Host: Muhao Chen, POC: Maura Covaci


YOU ONLY NEED TO REGISTER ONCE TO ATTEND THE ENTIRE SERIES – We will send you email announcements with details of the upcoming speakers.

Register in advance for this webinar: https://usc.zoom.us/webinar/register/WN__0VhakI6Q6i3JsasdmNWcA.

After registering, you will receive an email confirmation containing information about joining the Zoom webinar.
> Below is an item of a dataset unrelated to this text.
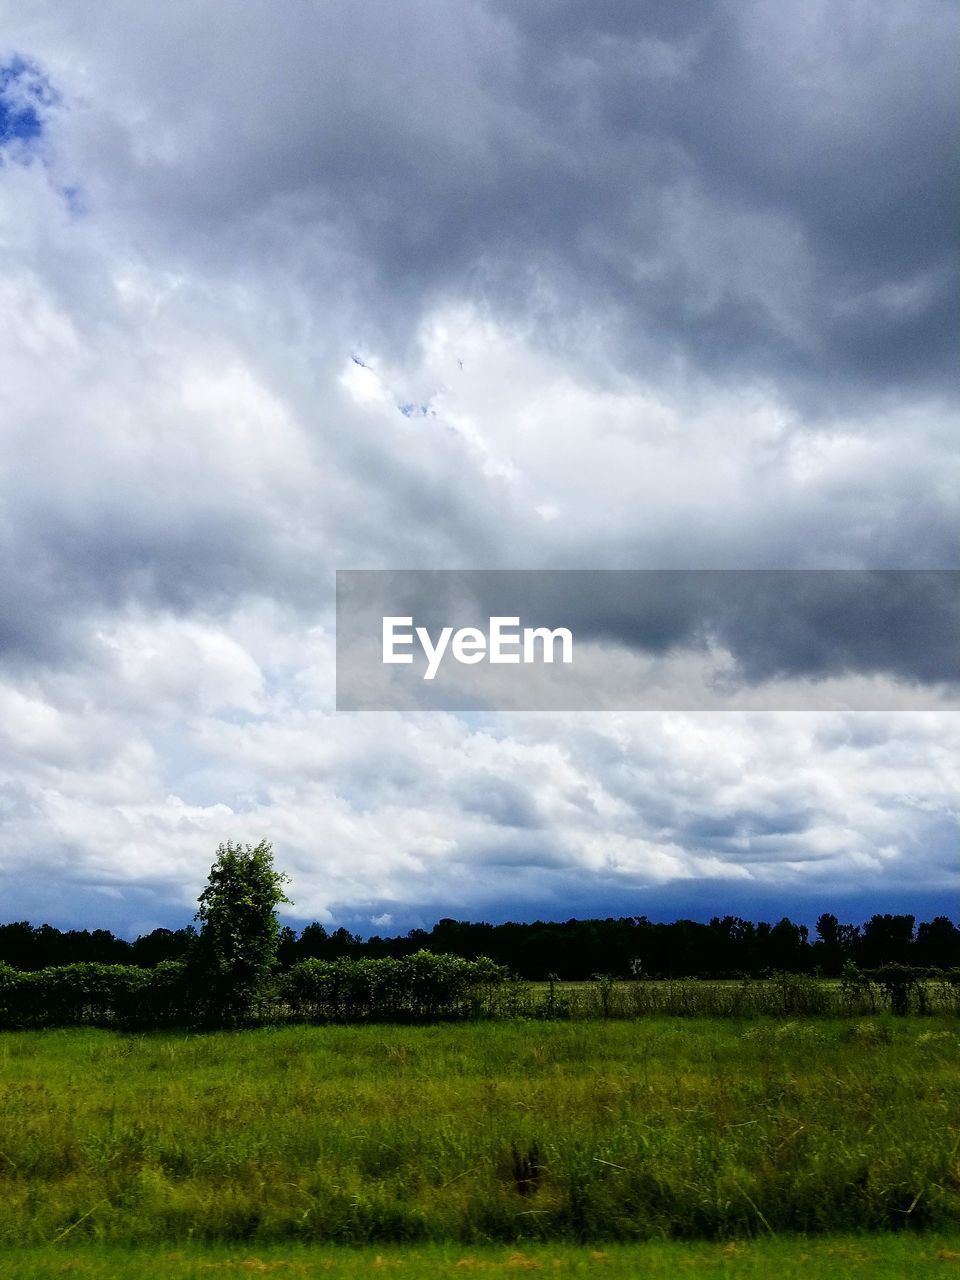 SCENIC VIEW OF GRASSY FIELD AGAINST CLOUDY SKY
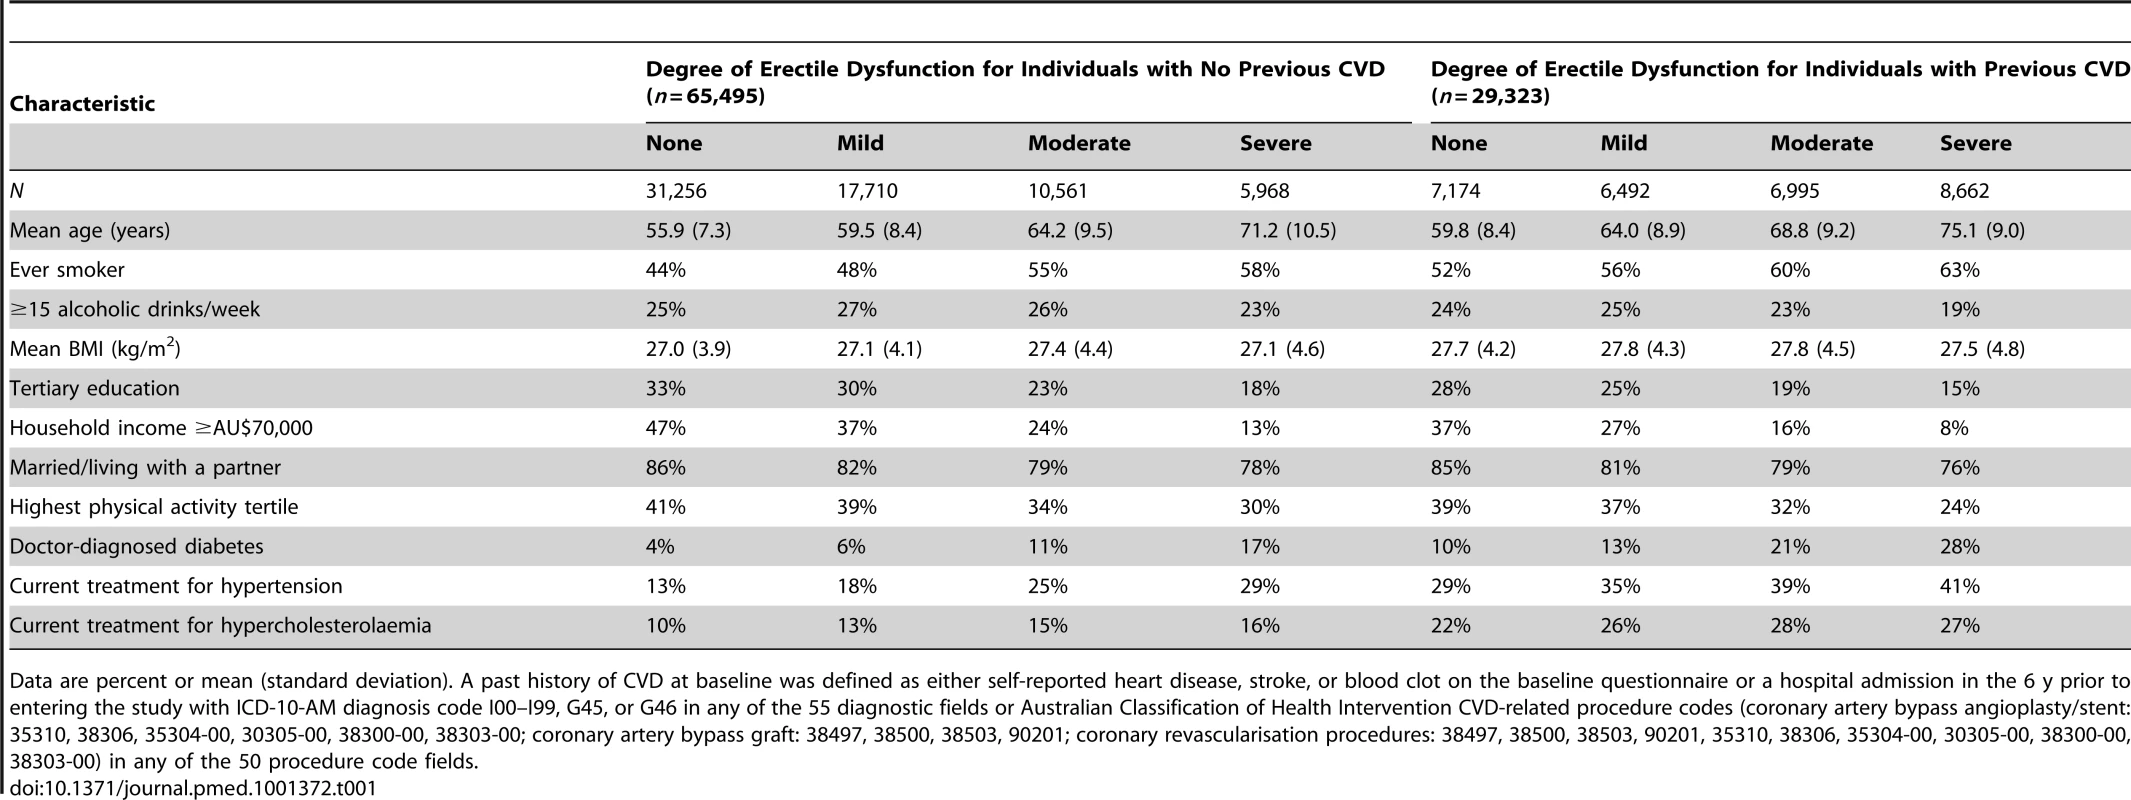 Characteristics of study population according to CVD history and degree of erectile dysfunction at baseline.

The recording for this AI Seminar talk will be posted on our USC/ISI YouTube page within 1-2 business days: https://www.youtube.com/user/USCISI.

Speaker Bio

Yongfeng Zhang is an Assistant Professor in the Department of Computer Science at Rutgers University and directs the Web Intelligent Systems and Economics (WISE) lab. His research interest is in Machine Learning, Machine Reasoning, Information Retrieval, Recommender Systems, Economics of Data Science, Explainable AI, Fairness in AI, and AI Ethics. In the previous he was a postdoc at UMass Amherst, and did his PhD and BE in Computer Science at Tsinghua University, with a BS in Economics at Peking University. He serves as associate editor for ACM Transactions on Information Systems (TOIS), ACM Transactions on Recommender Systems (TORS), and Frontiers in Big Data. He is a Siebel Scholar of the class 2015 and an NSF career awardee in 2021.